Our experimental results confirm this trend: YOLOv8 XLarge achieves 96.62% testing accuracy, significantly outperforming the best-performing ViT variant (ViT-B/16 at 94.8%) on the same CRC histopathology dataset. This performance gap is attributed to YOLOv8’s inherent efficiency in handling high-resolution images through its grid-based prediction mechanism and mosaic augmentation, which enhance generalization without requiring massive datasets or complex attention modules.
Moreover, YOLOv8’s lightweight design enables faster inference and lower computational overhead, critical advantages in clinical deployment scenarios where real-time analysis and resource constraints are paramount. While Transformers excel in capturing long-range dependencies, their complexity introduces interpretability challenges and longer training times, making them less suitable for rapid diagnostic workflows compared to the streamlined, explainable pipeline enabled by YOLOv8 + EigenCAM.
This comparative analysis reinforces our claim that YOLOv8 strikes an optimal balance between accuracy, speed, and interpretability, positioning it as a clinically viable alternative to both traditional CNNs and emerging Transformer-based approaches in CRC diagnostics.
4.3. Comparison with the Related Studies
To contextualize our contributions within the broader landscape of CRC histopathology classification, we present a comprehensive comparison with recent state-of-the-art approaches in
Table 2. It synthesizes key information from
Section 2, including model architecture, dataset scale, number of classes, classification accuracy, and interpretability support.

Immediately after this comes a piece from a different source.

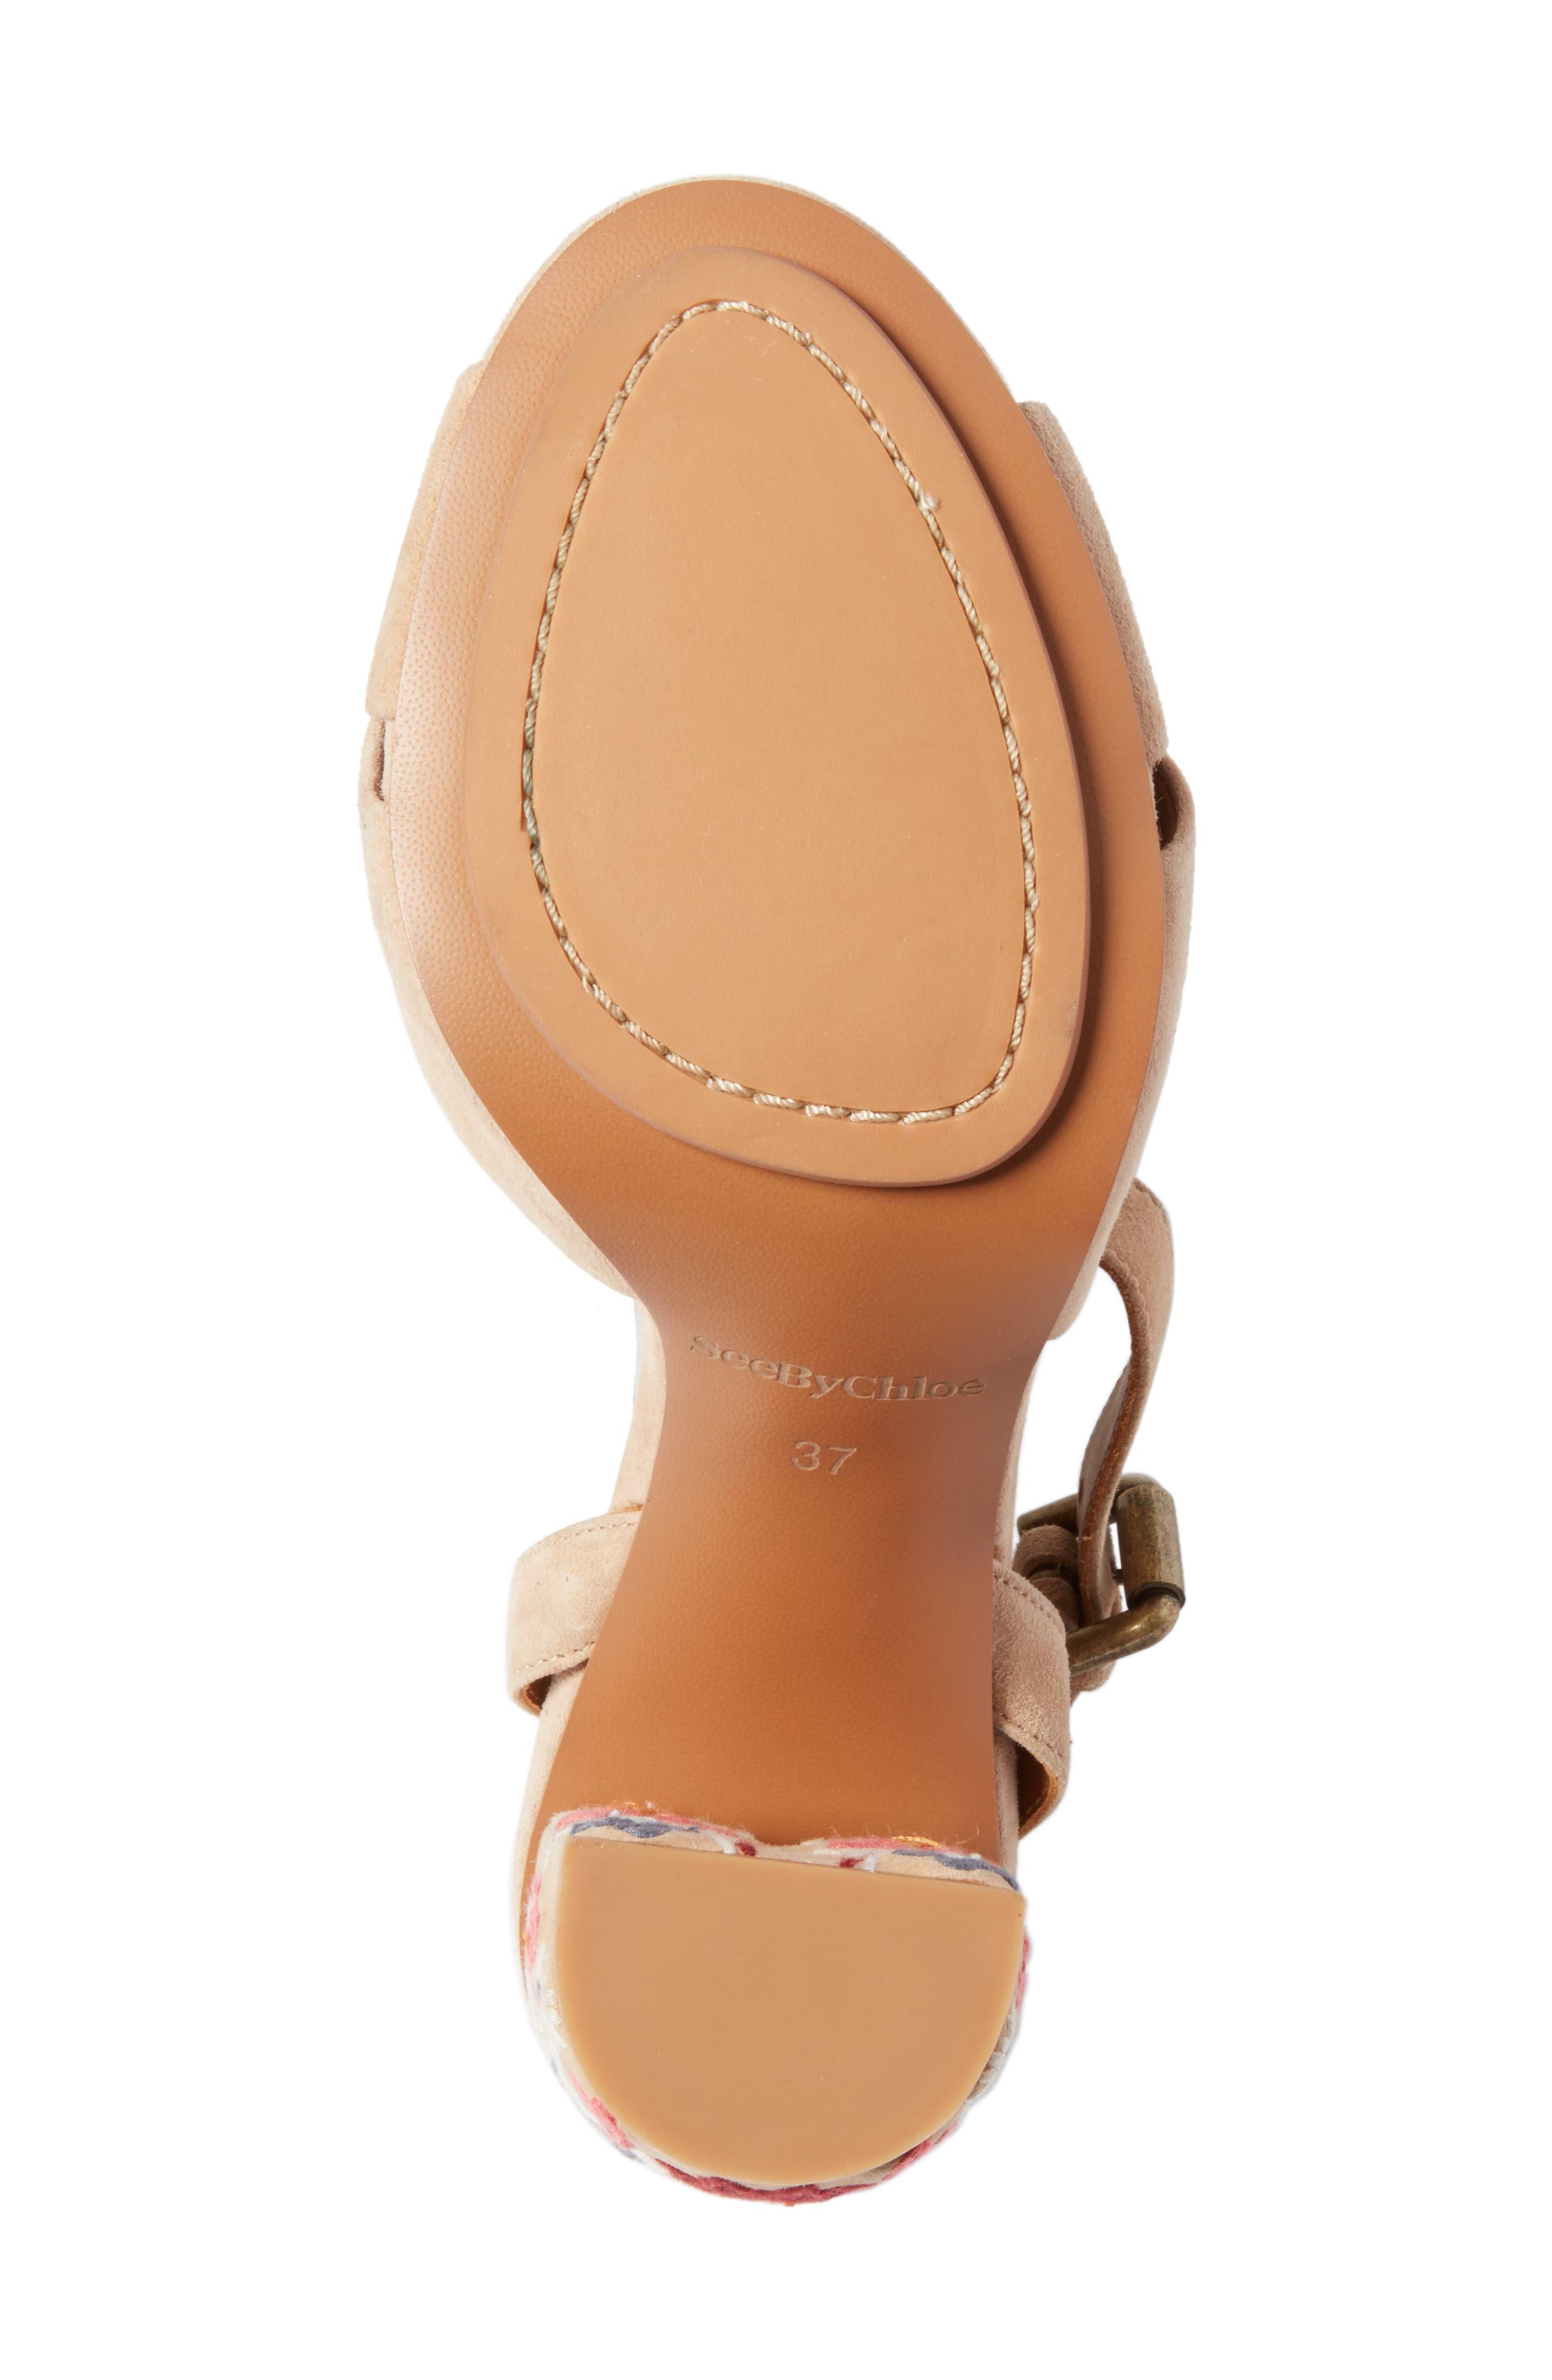 Gayla Embroidered Block Heel Sandal,                             Alternate thumbnail 6, color,                             250

Our proposed framework (based on YOLOv8 XLarge coupled with EigenCAM for visual explainability) achieves a testing accuracy of 96.62%across eight distinct tissue types, outperforming prior CNN- and Transformer-based systems. Notably, while Zeid et al. [
18] report accuracies of 93.3–95.0% using Vision Transformers (ViT-B/16, ViT-L/16), their models lack interpretability tools and were evaluated on unspecified datasets, limiting direct comparability and clinical applicability. Similarly, Rizalputri et al. [
33] achieved only 82.2% accuracy using traditional machine-learning methods, underscoring the performance gap between legacy classifiers and modern deep learning architectures.
Importantly, most prior works focus on polyp detection (e.g., Lalinia et al. [
6], Guo et al. [
8]) or survival prediction (Lv et al. [
20]), rather than multiclass tissue classification, which is central to our study. Even among classification-focused studies, such as Shen et al. [
19] using MoViT, performance was reported relative to “full-dataset” benchmarks without absolute accuracy scores, and no interpretability mechanisms were integrated.
In contrast, our work not only delivers superior accuracy but also introduces clinically grounded interpretability through EigenCAM visualizations. These heatmaps enable pathologists to trace the anatomical regions driving each prediction; a critical feature for building trust and facilitating adoption in real-world diagnostic workflows. Furthermore, our use of a well-defined, publicly available dataset of 5000 annotated tiles ensures reproducibility and robust evaluation. This comparative analysis confirms that our framework represents a significant advancement: it bridges the gap between high-performance deep learning and actionable clinical insight, a combination rarely achieved in existing literature.